# Long tractor 680



## Tbonah (8 mo ago)

I have a long tractor 680, no idea what this part would even be called but I snapped it today and was wondering what I could even call this and what part I'm even working on, It's part of the fuel system.


----------



## pogobill (Jan 31, 2012)

I think this might be it.









*Injection Pump Banjo Bolt with Valve for Long 680 TractorsPART #: TX11677






Lucas CAV DPA and DPS fuel outlet banjo bolt pressurising valve 7180-358 – Toni´s Einspritzpumpen







toni-einspritzpumpenservices.de









Lucas CAV DPA and DPS fuel outlet banjo bolt pressurising valve 7180-358 – Toni´s Einspritzpumpen







toni-einspritzpumpenservices.de




*


----------



## pogobill (Jan 31, 2012)

Tbonah said:


> I have a long tractor 680, no idea what this part would even be called but I snapped it today and was wondering what I could even call this and what part I'm even working on, It's part of the fuel system.
> View attachment 79779
> 
> View attachment 79776
> ...


And welcome to the forum, hope I got you pointed closer to an answer!


----------



## thepumpguysc (Jan 25, 2015)

Hi pressure outlet banjo bolt..
They are inj pump mdl specific.!!
Get the mdl # off the name plate and I’ll get u the p#..


----------



## thepumpguysc (Jan 25, 2015)

If your getting 1local, don’t forget the Teflon line washers..(2)
It’s important to TORQUE the connector.. 25 ftlbs .!!!
Get me those pump numbers ex 
3248F442


----------



## JLSteiner (Aug 6, 2017)

Mots any diesel injection pump shop should be able to get you one.


----------



## Tbonah (8 mo ago)

thepumpguysc said:


> If your getting 1local, don’t forget the Teflon line washers..(2)
> It’s important to TORQUE the connector.. 25 ftlbs .!!!
> Get me those pump numbers ex
> 3248F442


Irs a Delphi pump
Type 1147
De 3348f881
Model 13607hvg


----------



## thepumpguysc (Jan 25, 2015)

Banjo bolt.. 7180-358. (1)
Washers... 5936-332C. (2)
All Delphi #’s..
Don’t forget.. torque to 25ftlbs..


----------



## Tbonah (8 mo ago)

thepumpguysc said:


> Banjo bolt.. 7180-358. (1)
> Washers... 5936-332C. (2)
> All Delphi #’s..
> Don’t forget.. torque to 25ftlbs..


Are they called Lucas cav washers?
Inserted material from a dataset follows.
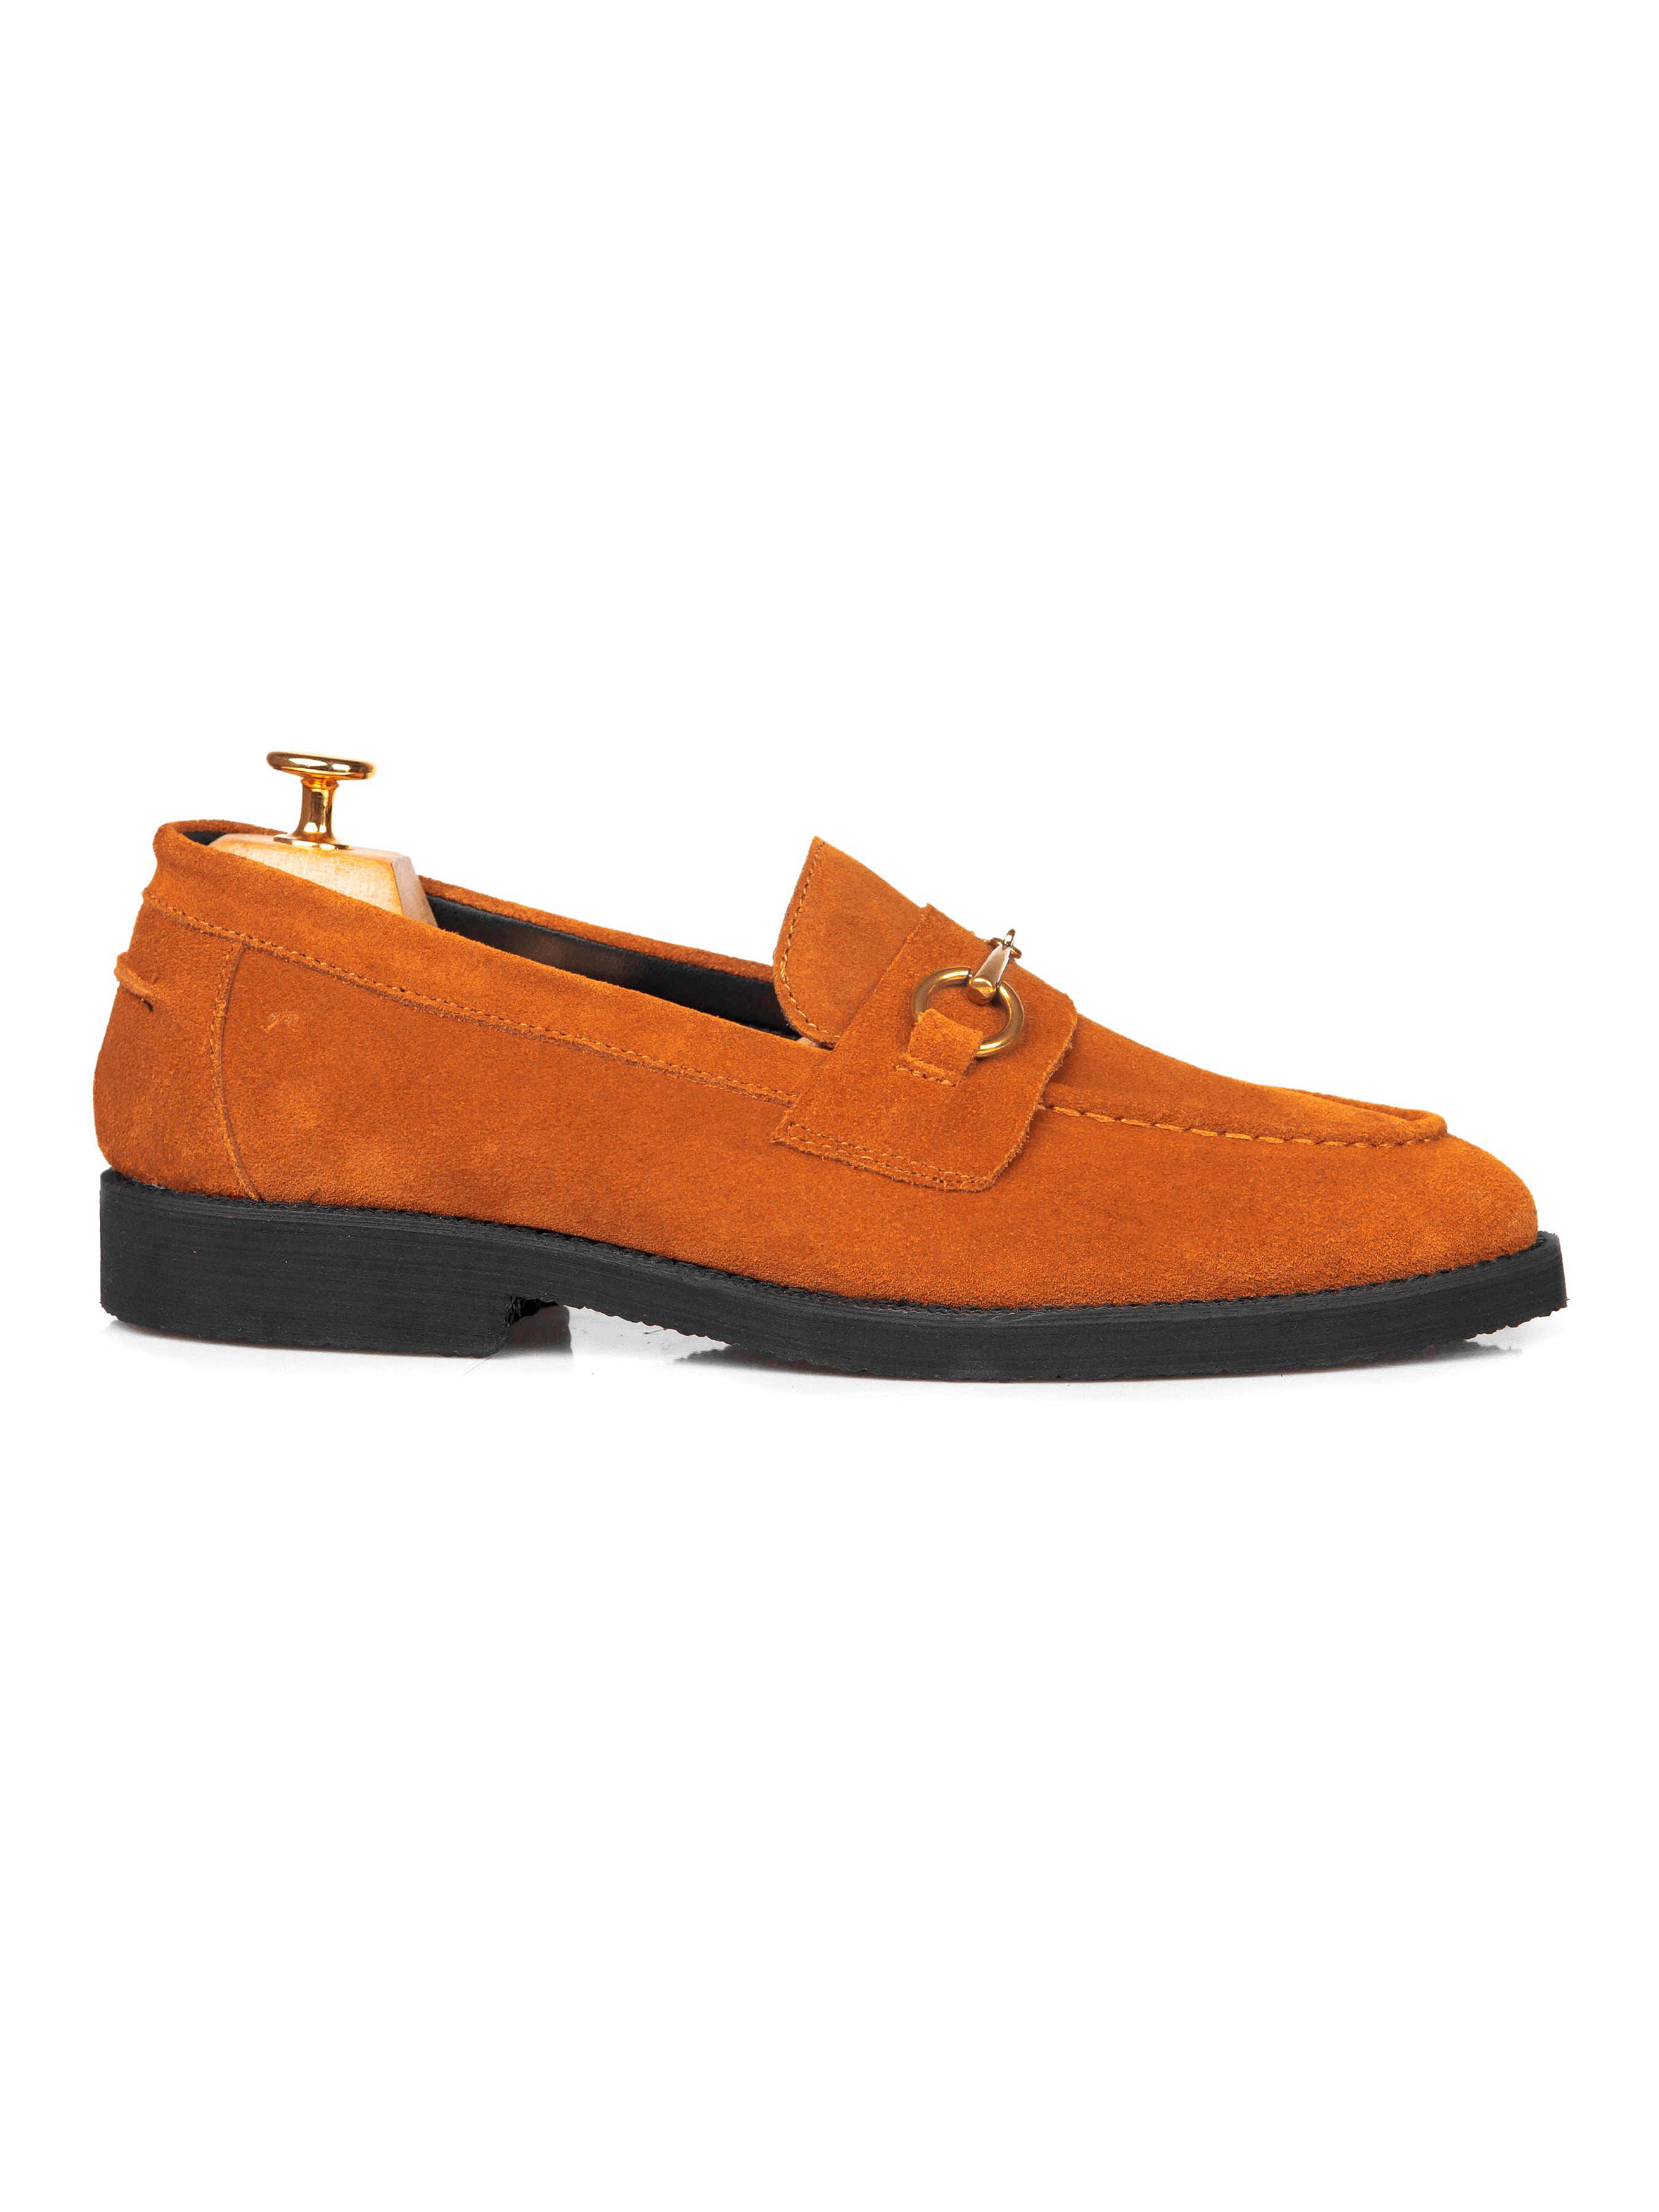 Penny Loafer Horsebit Buckle - Tangerine Suede Leather (Crepe Sole)

Says they are a stanadyne cav roosa.. just out of curiosity, what's the difference in these washers as opposed to a copper crush washer on this aplication? Thank you very much for the part numbers man


----------



## thepumpguysc (Jan 25, 2015)

If u can’t find them, I’ve got a small herd of’m..


----------



## Roydon96 (5 d ago)

thepumpguysc said:


> If u can’t find them, I’ve got a small herd of’m..


Do you still have a couple of 7180-358 banjo bolts?


----------



## thepumpguysc (Jan 25, 2015)

Yes, how many do u need.??


----------